**Goal of the exercise:** Omitting all pictures, print the lines of the listing from the one containing "Комбинированный демисезонный пуловер" through the final line, both ends included, with no other text.
┄┄┄┄┄┄┄┄┄┄┄┄┄┄┄┄┄┄┄┄
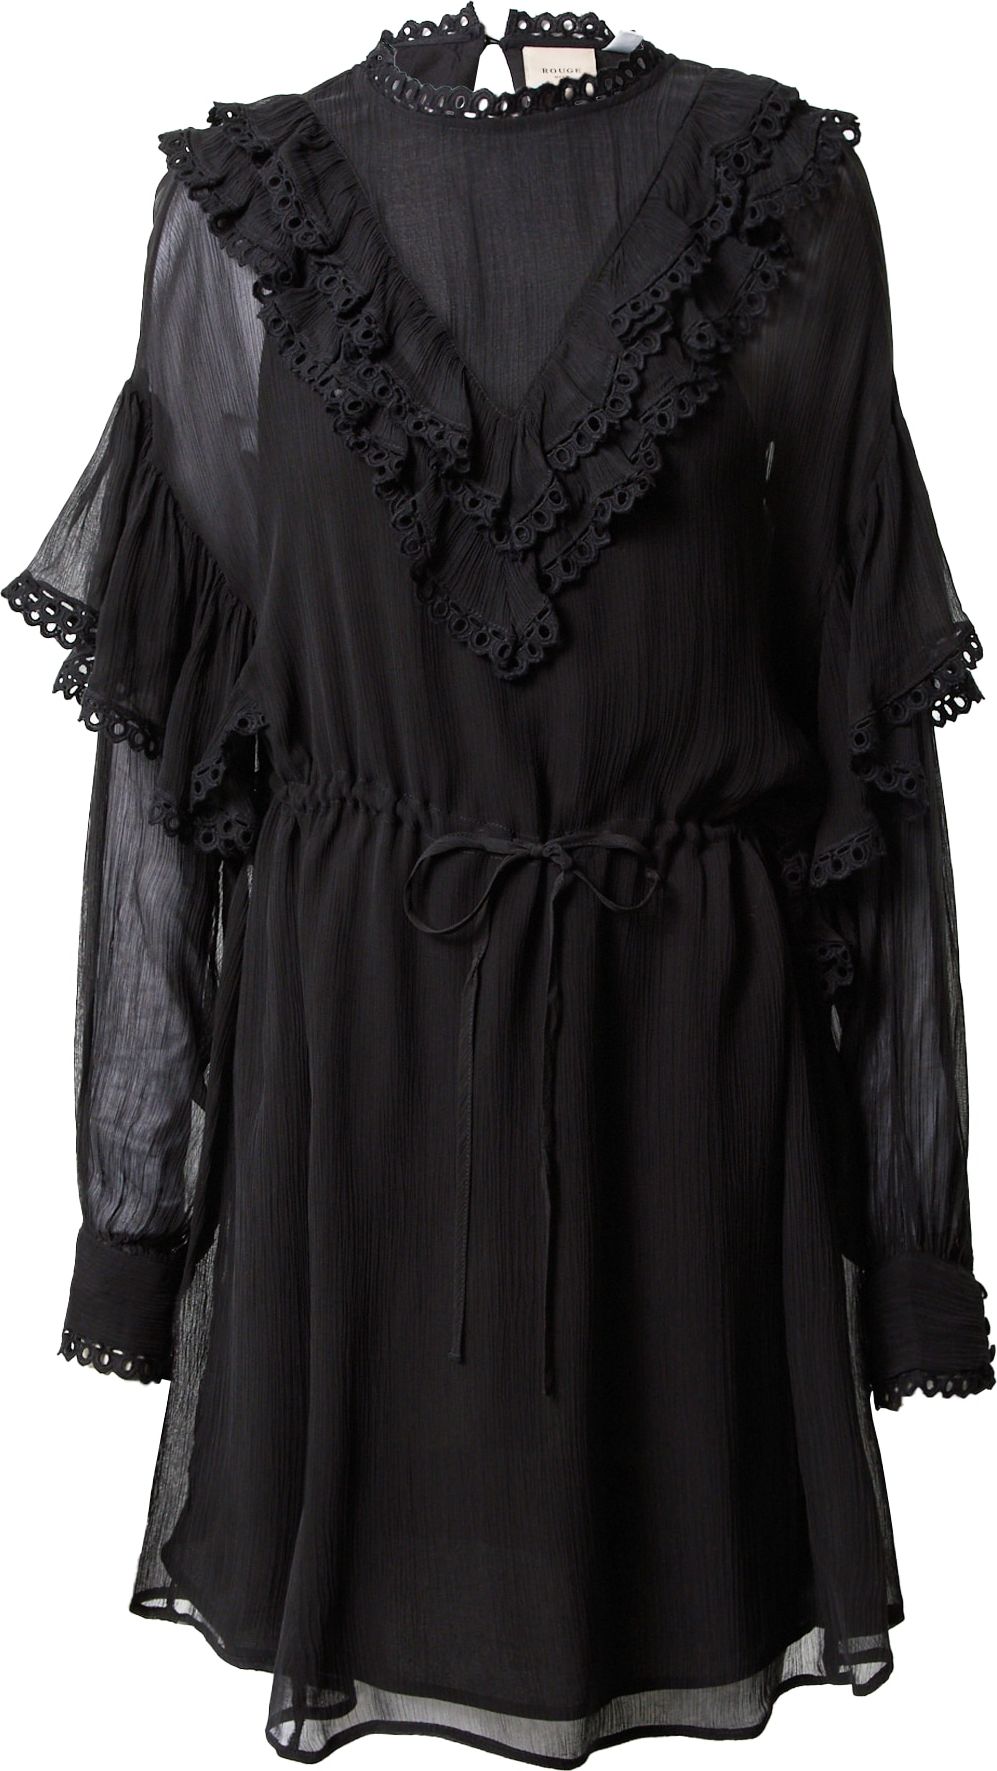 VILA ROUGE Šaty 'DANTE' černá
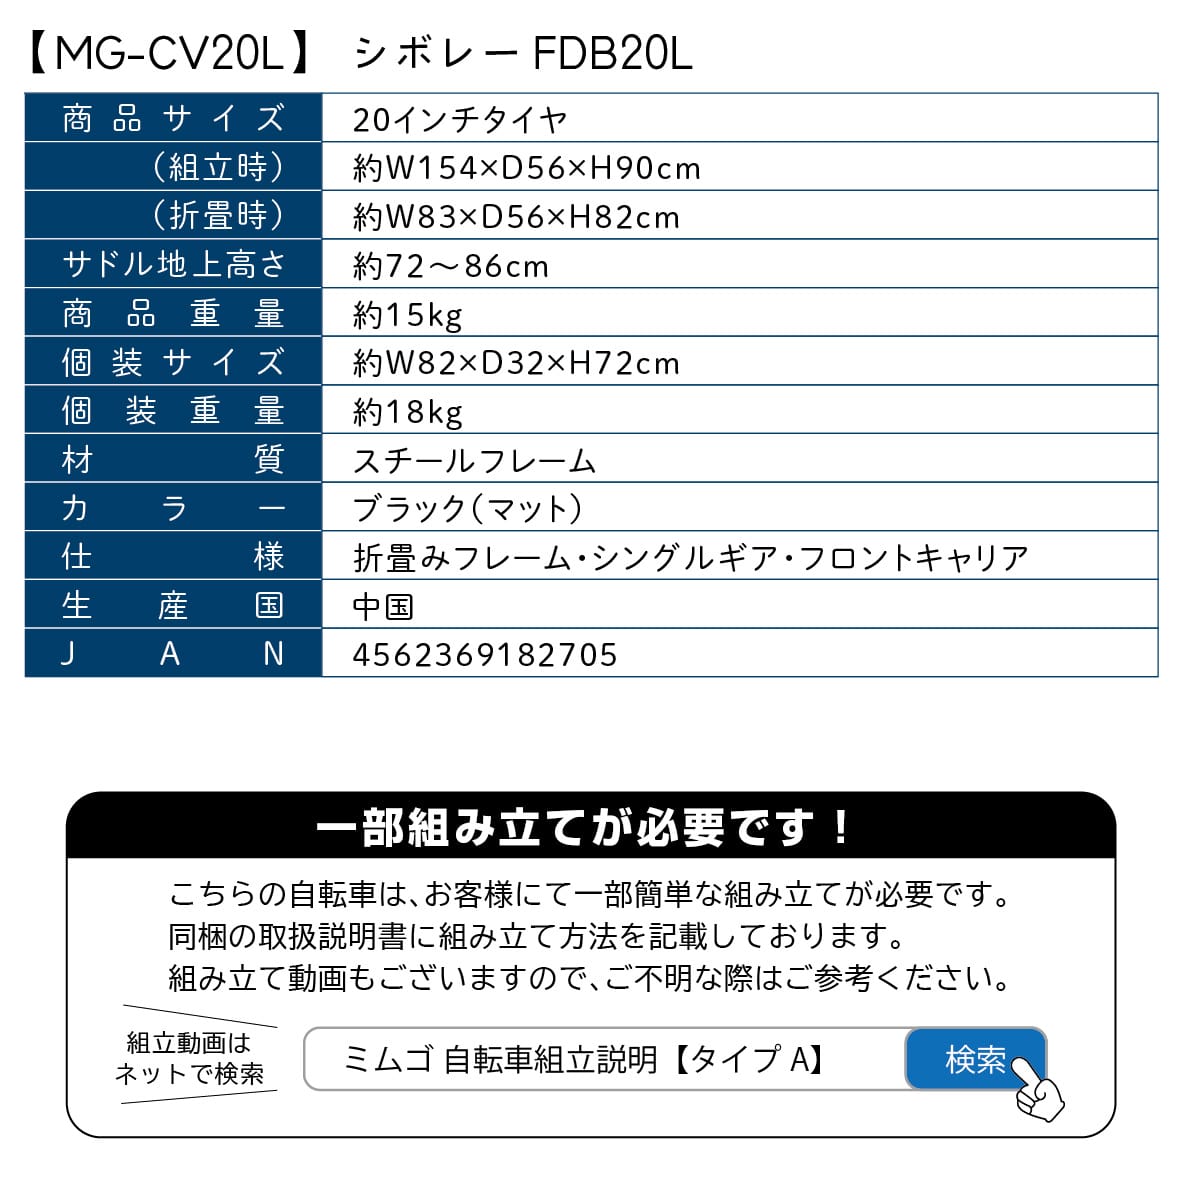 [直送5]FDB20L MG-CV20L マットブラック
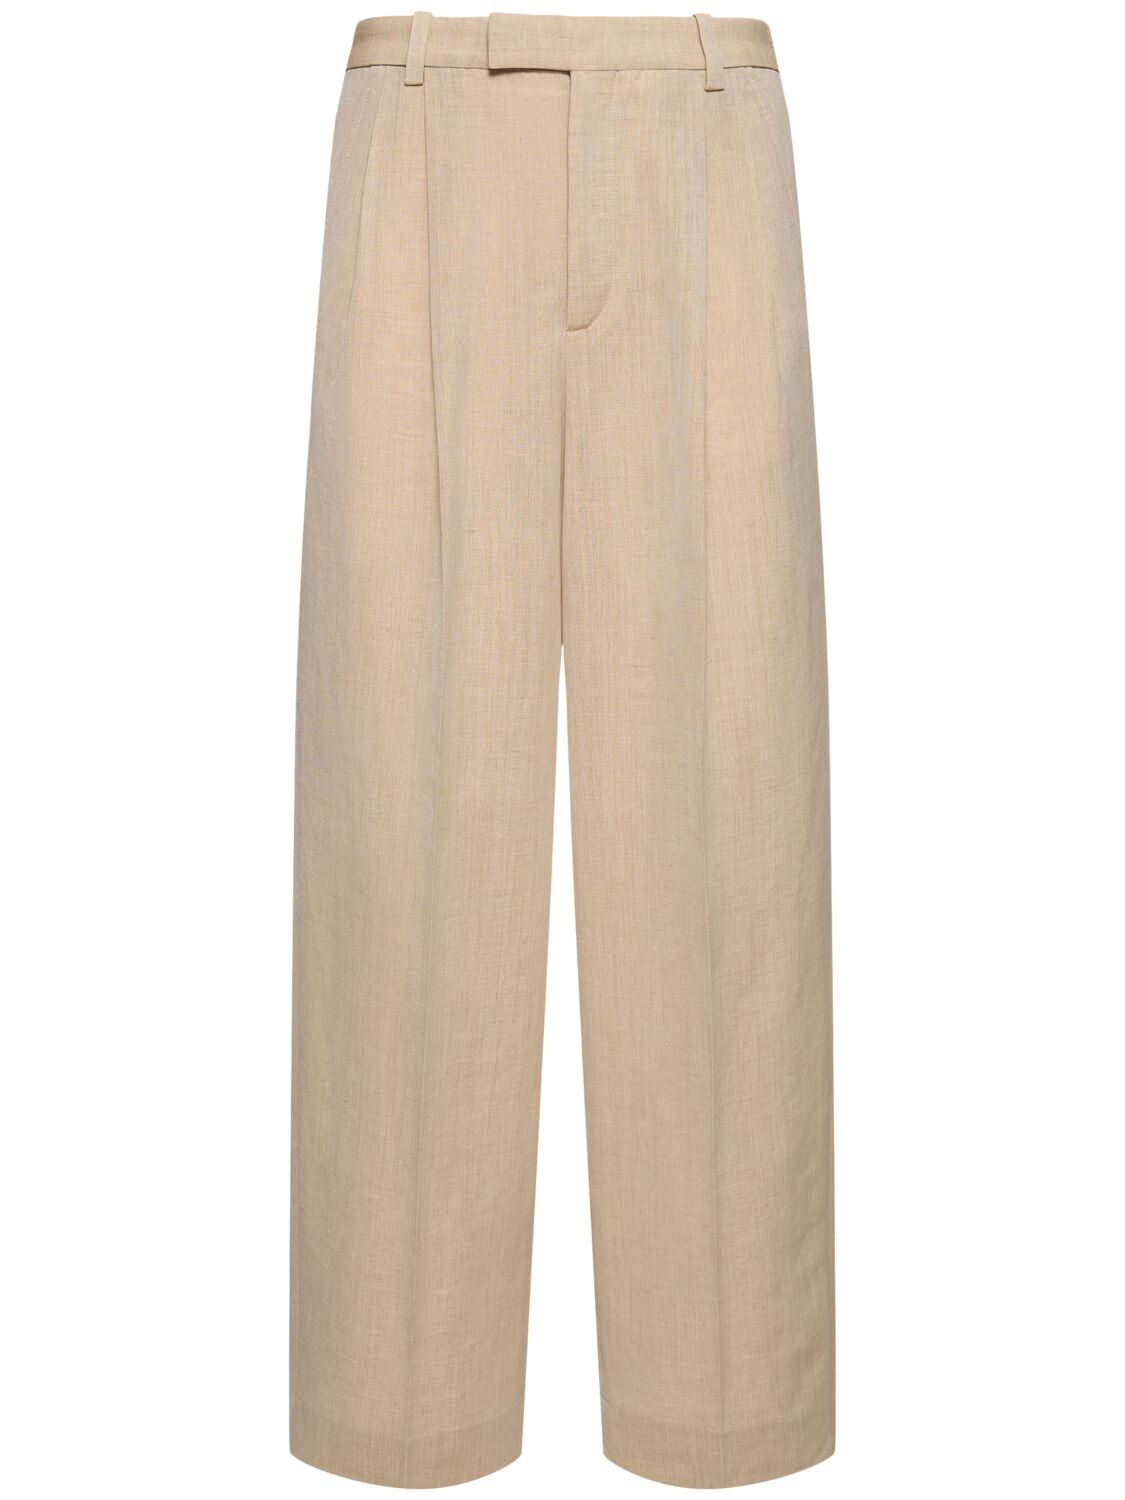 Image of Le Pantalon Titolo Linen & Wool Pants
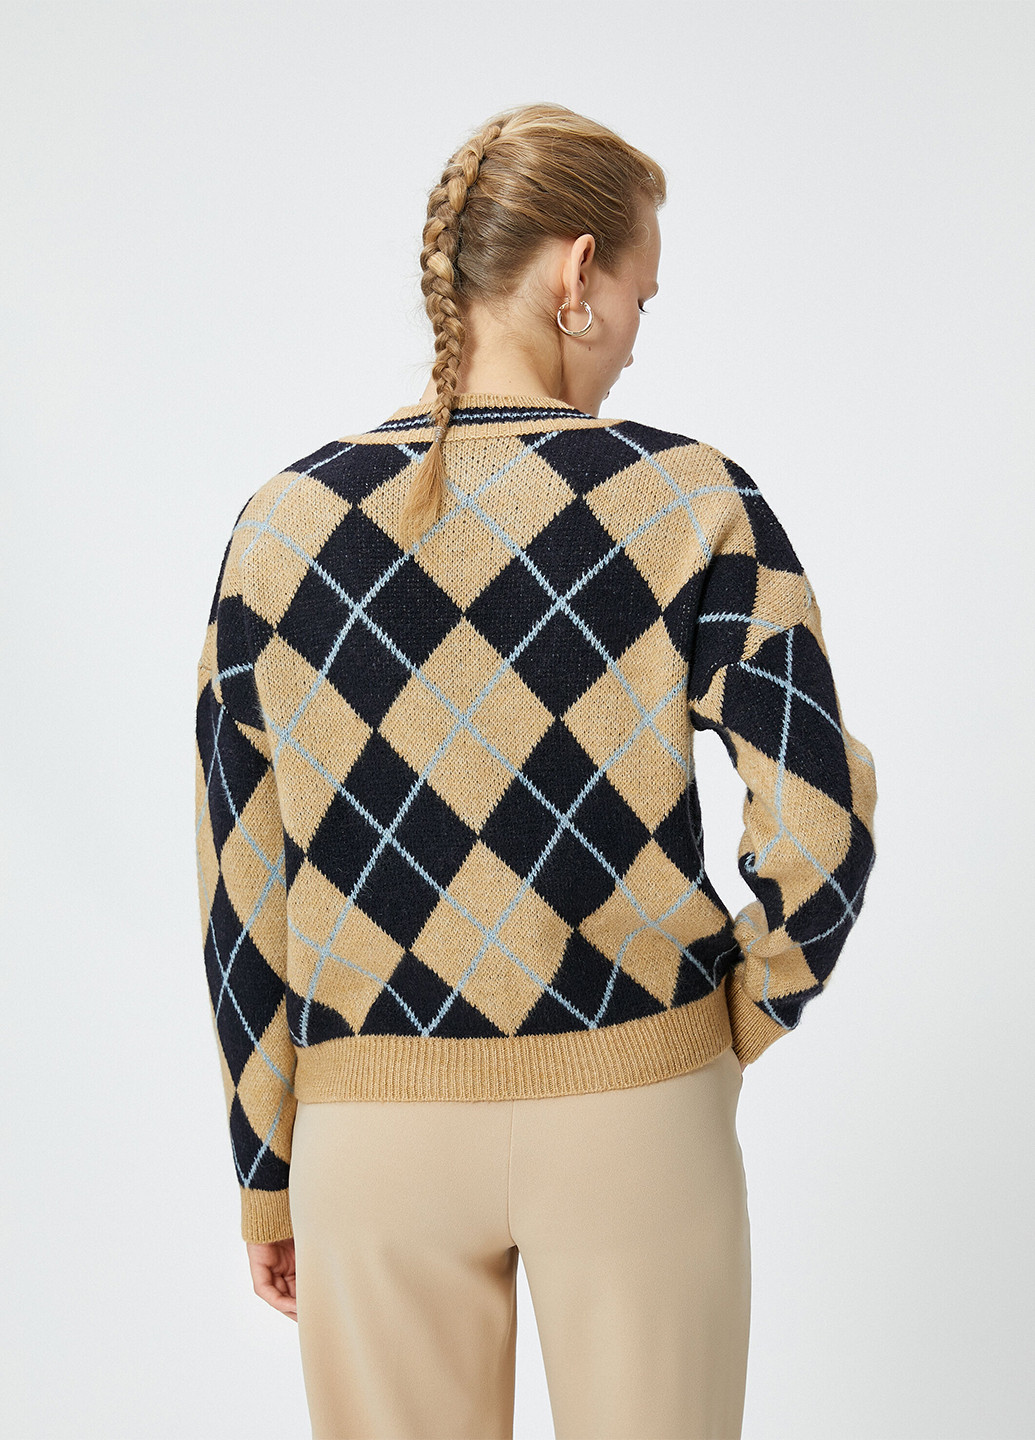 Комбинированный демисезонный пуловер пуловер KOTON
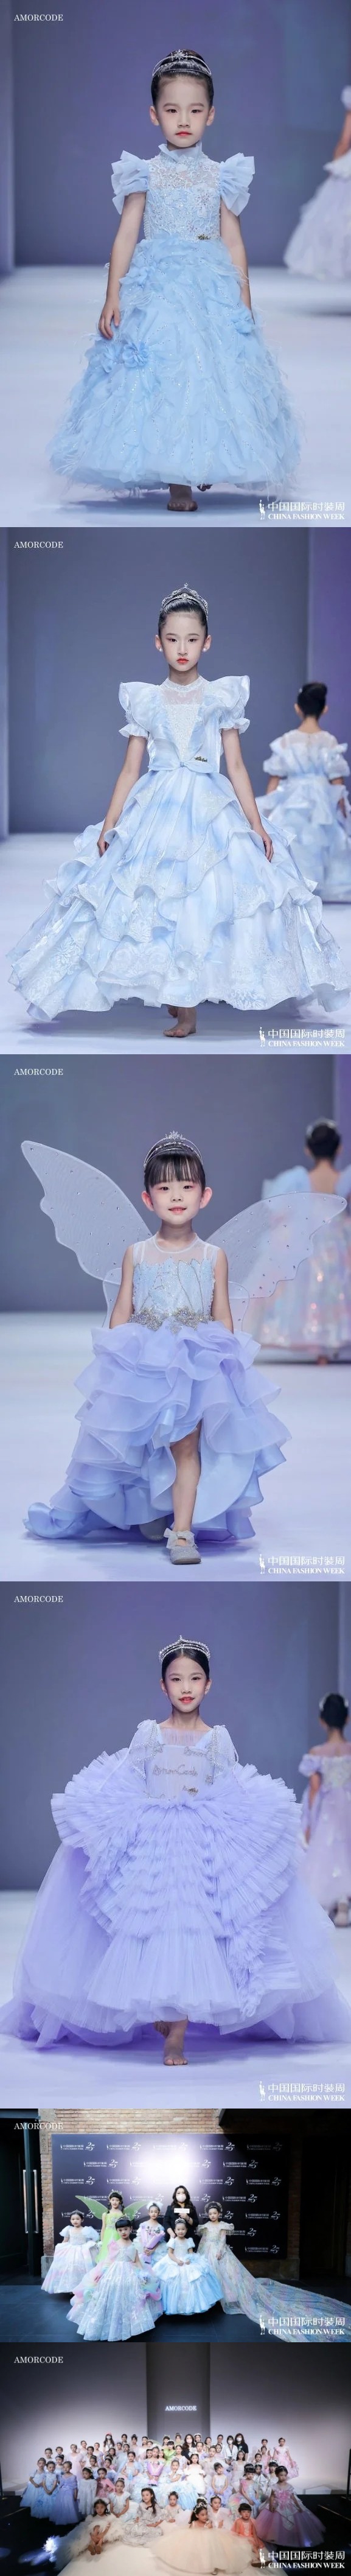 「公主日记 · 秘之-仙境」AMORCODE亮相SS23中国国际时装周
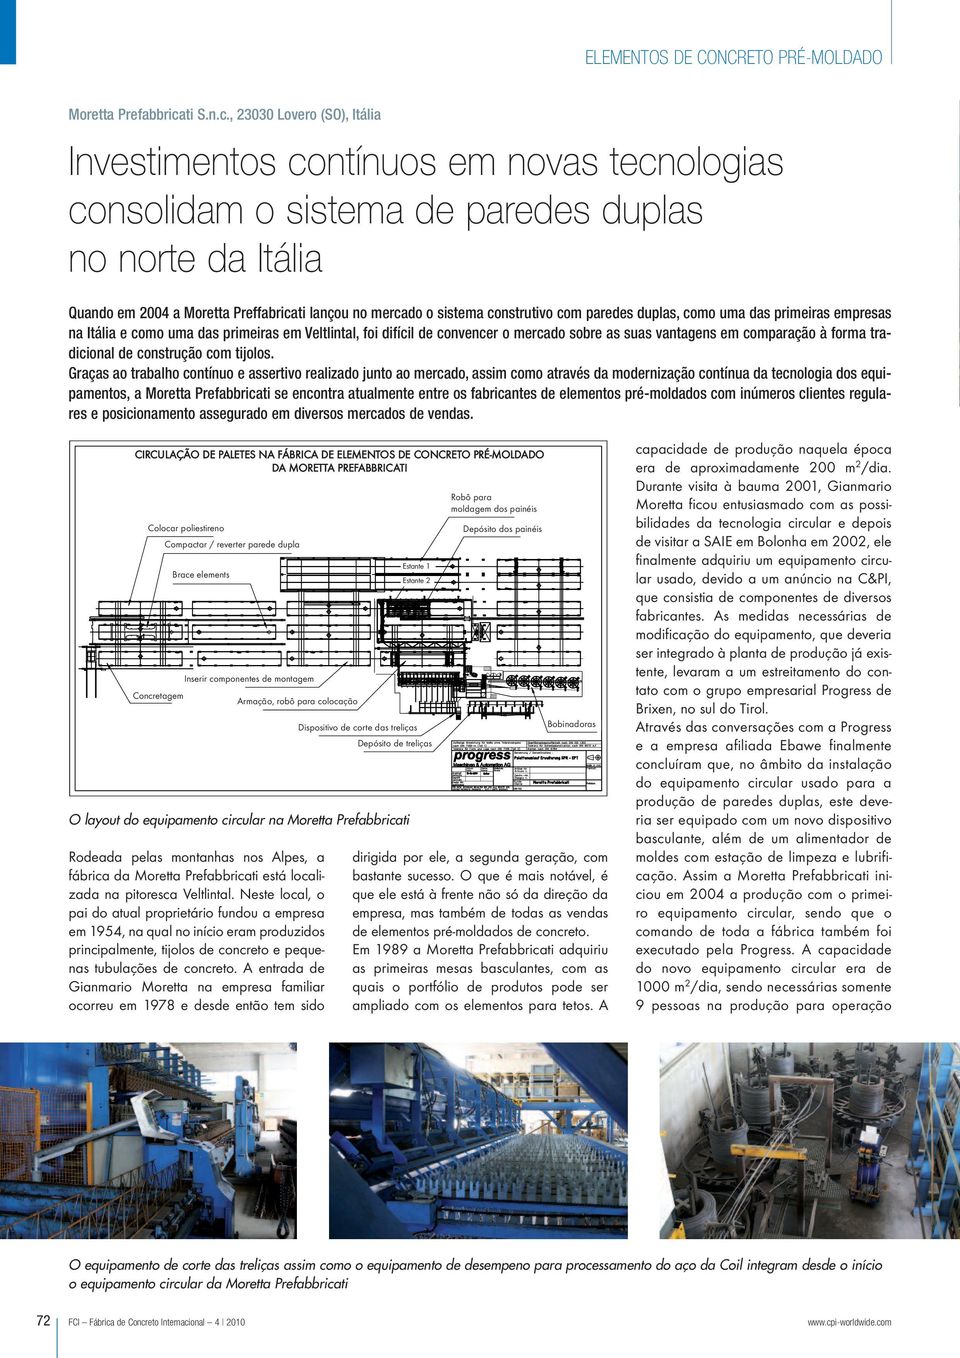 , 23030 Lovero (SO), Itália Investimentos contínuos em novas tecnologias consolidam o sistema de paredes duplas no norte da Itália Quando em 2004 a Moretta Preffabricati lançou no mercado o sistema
┄┄┄┄┄┄┄┄┄┄┄┄┄┄┄┄┄┄┄┄
**Task output:**
 Комбинированный демисезонный пуловер пуловер KOTON
 「公主日记 · 秘之-仙境」AMORCODE亮相SS23中国国际时装周
 , 23030 Lovero (SO), Itália Investimentos contínuos em novas tecnologias consolidam o sistema de paredes duplas no norte da Itália Quando em 2004 a Moretta Preffabricati lançou no mercado o sistema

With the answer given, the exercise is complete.